Jim has generously shared numerous screens that produce high returns. Successful screening criteria include things such as ROE, revenue growth and P/E. The common denominator in all of these backtests is screening for the top few percent of stocks in the database using the given criterion. Table 7.2 in “The Little Book That Beats the Market” shows the returns by decile of 2500 stocks as ranked by the magic formula, a screen that used two criteria, one for profitability (return on invested capital) and one for cheapness (earnings yield). The returns were:
top decile, 17.9%
2nd decile, 15.6%
3rd, 14.9%
4th, 14.2%
5th, 14.1%
6th, 12.7%
7th, 11.3%
8th, 10.1%
9th, 5.2%
bottom decile, 2.5%
median, 13.1%
S&P 500, 12.4%
Simply by screening for the top 10% by the selected criteria, the return increased 5 percentage points relative to the median. If one plots these returns by decile and extrapolates to the top 5%, the implied return is 6% above the median.
I’m really just stating the obvious, but the basic trick is to select one or more criteria upon which return logically depends, and then to buy the stocks in the top 5% or 10%. In mechanical investing one generally buys all the stocks that pass the screen, but it’s not absolutely necessary to do so. One can start with a universe of, say, the largest 2000 stocks by market cap, and then screen by one or more criteria to get the top 100 stocks (5% of the universe), and then choose the 25 that one likes the most after applying other criteria such as quality of product or service, market share, debt/equity or what have you. The important thing is to stay within the top 5% to 10% by one’s primary criteria.

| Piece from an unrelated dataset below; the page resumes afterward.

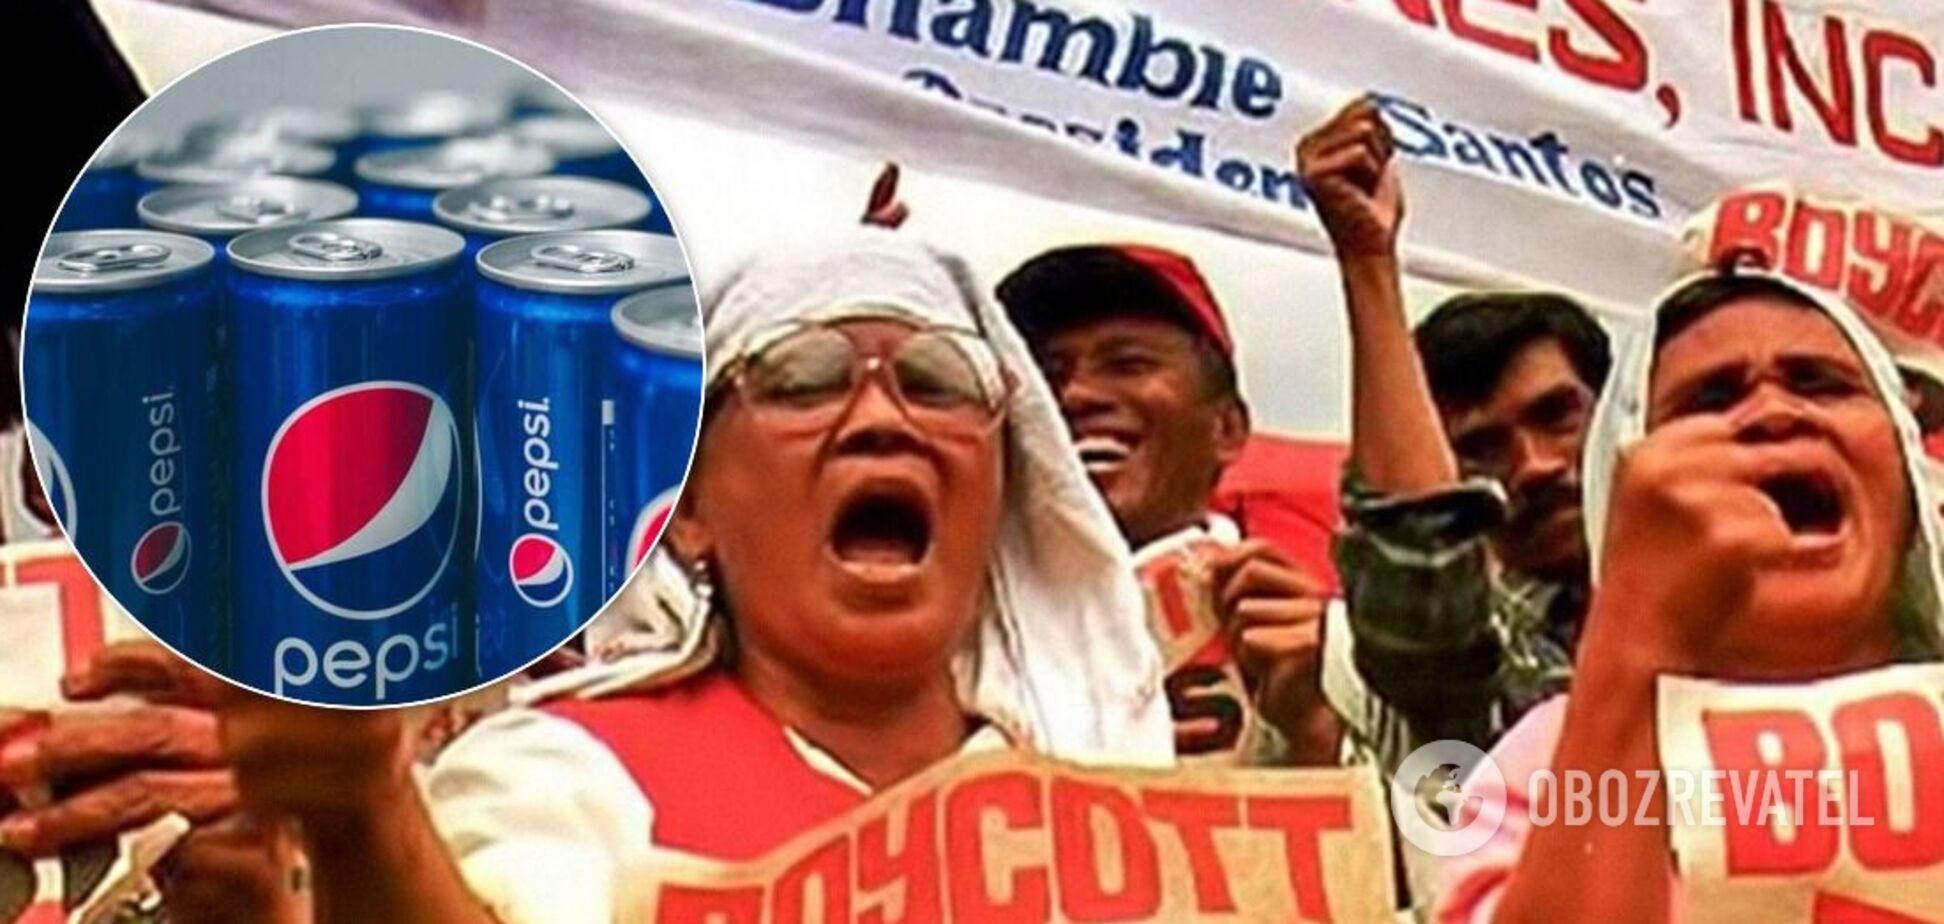 Pepsi 349

Three criteria that work well are (1) some measure of profitability (such as 5-year average ROE or ROA), (2) some measure of growth (such as 5-year average revenue growth) and (3) some measure of cheapness (such as normalized earnings yield), but as Jim has shown us, using a single criterion works very well.
Like I say, I’m just restating what others have already shown, but such screens are useful. They generally turn up some good companies, such as Alphabet.